Tuesday, December 21, 2021

UNDER COVID, PT. 38: BACK BY ZERO DEMAND

I'm trying to find a way to blame this on Alec Baldwin.
While it's always nice to have something to write about, I really didn't want the topic to be COVID-19 or any of its variants. Again. And yet here New York finds itself in the middle of a spike that rivals -- and at times surpasses --what we experienced at the height of the pandemic a year and a half ago. 

Was I wrong in thinking that the worst was behind us? That we'd have some ups and downs, but that by and large we were ready to live something resembling a normal life? That maybe there'd come a day when the first thing that came to mind when hearing the "corona" was a cheap beer that the gringos treat like Champagne?

Good to see the world through steamed-up
glasses again, too.
Yes, yes, and very yes. If we're not back to where started, we're not that far from the starting line, either. Thanks to omicron -- which, a month ago, I could've sworn was an online investment site -- I'm once again wearing a mask outdoors, keeping six feet away from people on checkout lines, and tossing out any travel plans I might have had for the next six months. Ah, it's good to be back to normal!

Aw, Hades no!
After a few months of Broadway coming back to life, all the big shows have closed for several performances, while others are shutting down until after Christmas, and at least one is closing permanently. There's almost no point in reserving tickets for any play you're interested in seeing; chances are by the time you get there, there'll be a "FORGET IT, BUB" sign in the window. 

Al was there first, Patti.

But if you had tickets to see the revival of Steven Sondheim's Company last Thursday, you actually got to see the show... for the first ten minutes, anyway. Then Patti Lupone sauntered on stage (presumably as only Patti Lupone can) and informed the audience the rest of the performance was cancelled. Not due to COVID but a cast member suffering from food poisoning. Or so she claimed. Then she sang and told a few jokes before sending everybody home. 
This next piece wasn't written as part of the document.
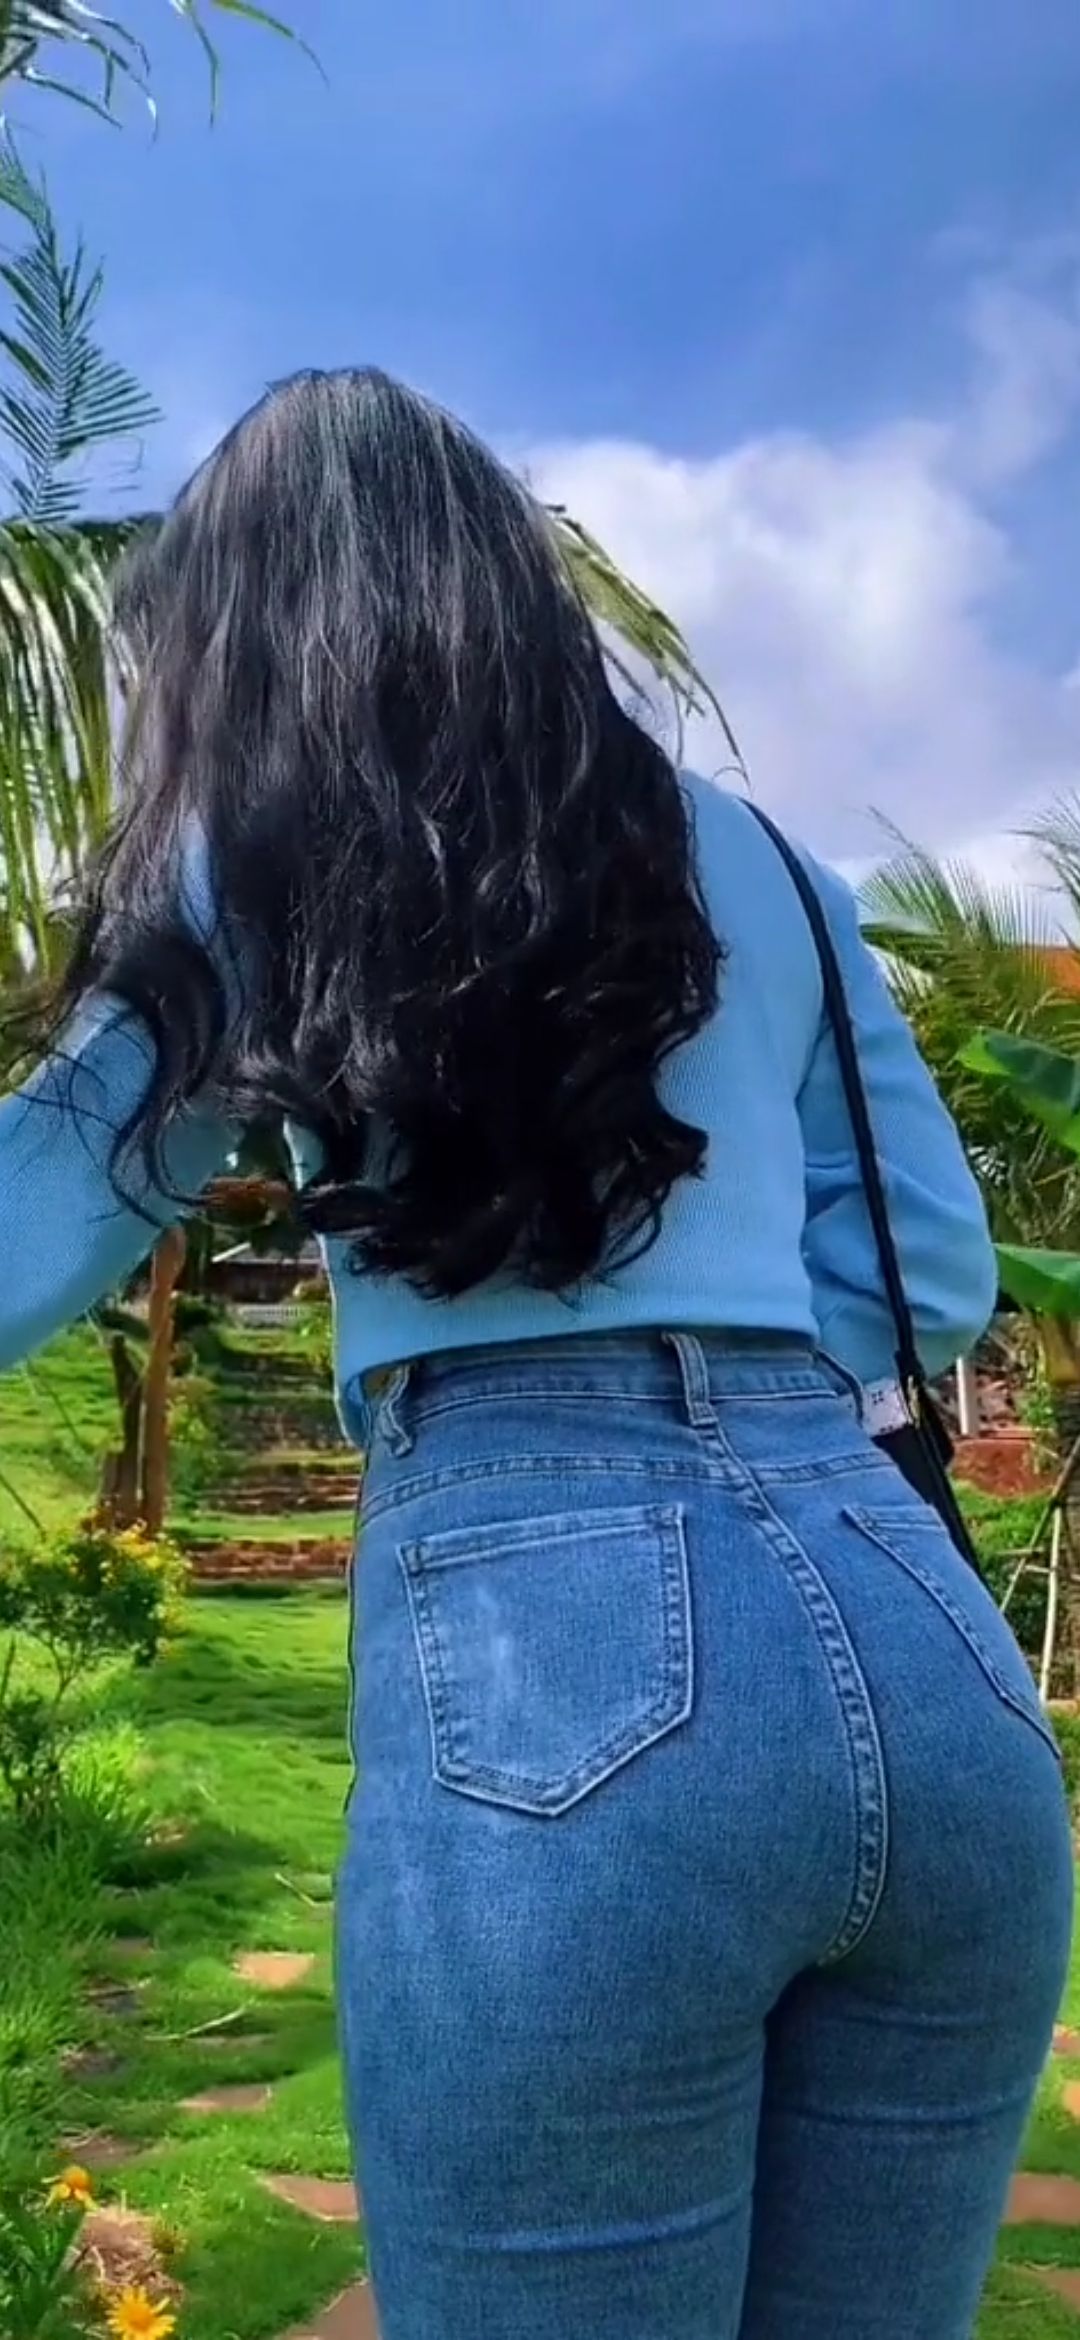 [视频]热带雨林里抓住一只肥美的牛仔裤美女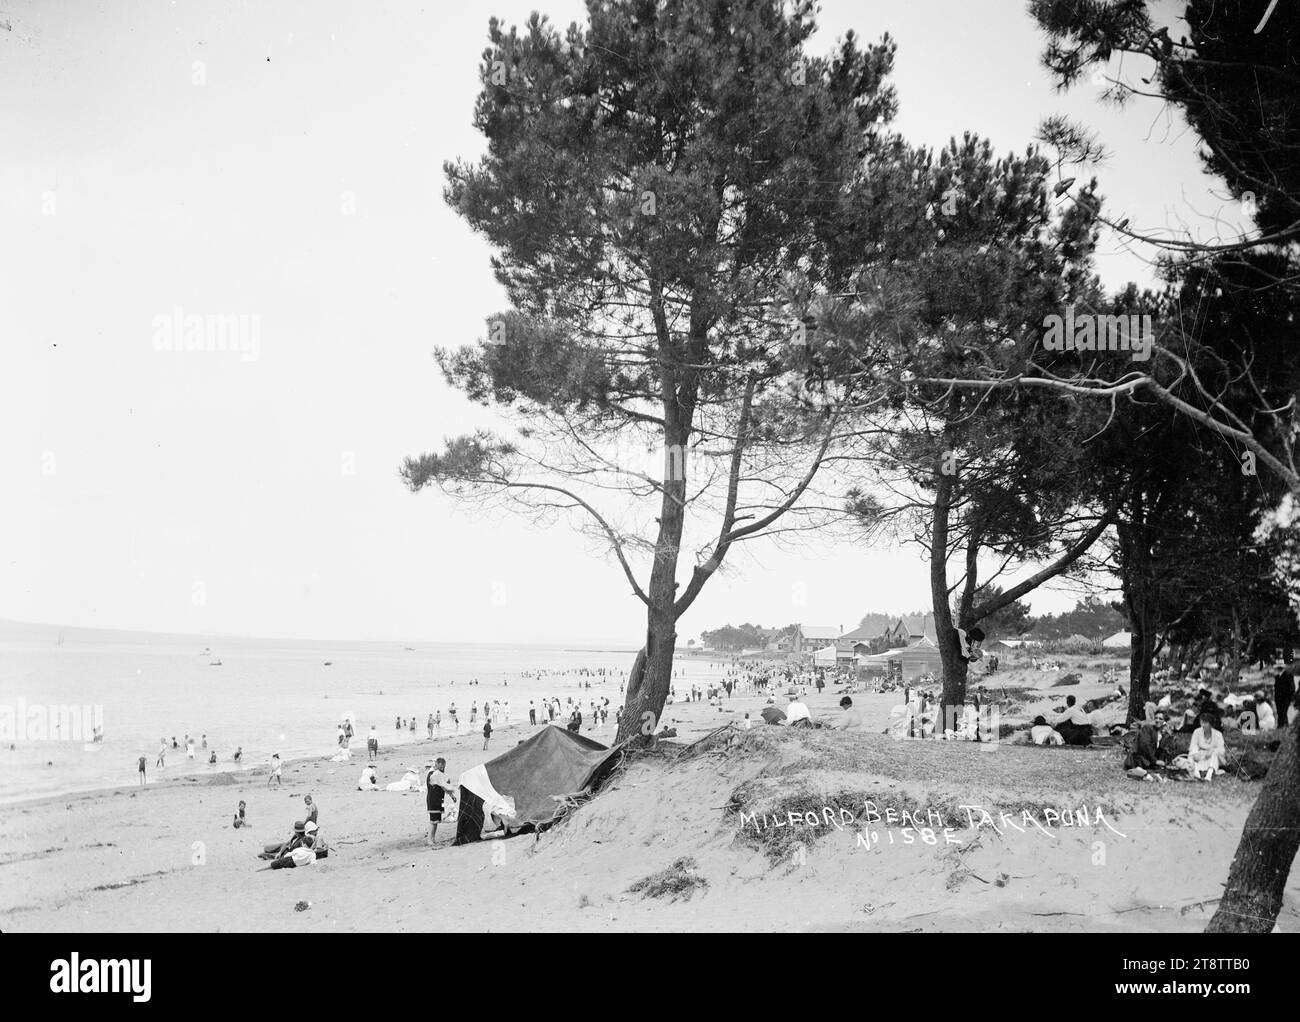 Milford Beach, Auckland, nuova Zelanda, Vista di Milford Beach presa da un'area vicino agli alberi dietro la spiaggia che guarda a sud-est. La gente può essere vista nuotare e camminare sulla spiaggia. ca 1914 Foto Stock

Talk on the street, however, is that COVID was indeed the culprit, so she was likely trying to keep the audience calm. To me, it sounded like Al Jolson's stunt of stopping the play in the middle of the final act and asking the audience, Do you want to see the rest of the show, or hear me sing? Can't you just hear the Company audience yell, Sing, Patti, sing!

Tourists hoping to see some high-kicking at Radio City have been left disappointed, since the Rockettes' Christmas Spectacular is cancelled. Care to take in some local sports instead? Here's hoping you can extend your stay, since games have been delayed. But cheer up! Bill de Blasio insists the New Year's Eve Times Square ball-drop is still on, although you know our idiot mayor will be a safe distance from the celebrants. 

City sidewalks, busy sidewalks, dressed in holiday style...
Locals haven't got time to do anything fun anyway, since they're waiting hours on line for COVID tests. This would have been one of those times that New Yorkers would have been grateful for a little global warming to make things more comfortable while waiting for a stranger to get nasally intimate with them under a 4x4 pop-up tent. 

But after a brief warm spell, things are back to normal, and the locals are sipping overpriced Starbucks lattes in their overpriced Agnes B. gloves all morning so they can get a rapid test, which has a 40% chance of giving a false negative result. But for free!

I've done background work only seven or eight times since April, yet in doing so I probably got at least 15 rapid tests. That means there's a fair chance I had COVID and nobody knew. But unlike your average joe, I got paid for each test (on top of my regular salary), so it was definitely worth the risk.

What comedy looks like.
Over the weekend, Saturday Night Live was thrown into a tizzy when four of the cast members tested positive, while three others had been exposed to the virus.

By airtime, the musical guest was cut, along with almost the entire cast, in-house band, crew, and the entire audience. The three new sketches were filmed earlier in the week, while the rest of the bits were from SNL episodes of Christmas past. And get this -- the entire show was taped that afternoon.

Why must the show go on when there's no show to begin with? Just have Patti Lupone warble "Ladies Who Lunch" and call it a day. There are plenty of New Yorkers who would find that worth getting sick for.

Not me. But during the 1918 flu pandemic, I'd have been one of the fanatics yelling Sing, Al, sing! from the balcony of the Winter GardenSome things are worth facing death for.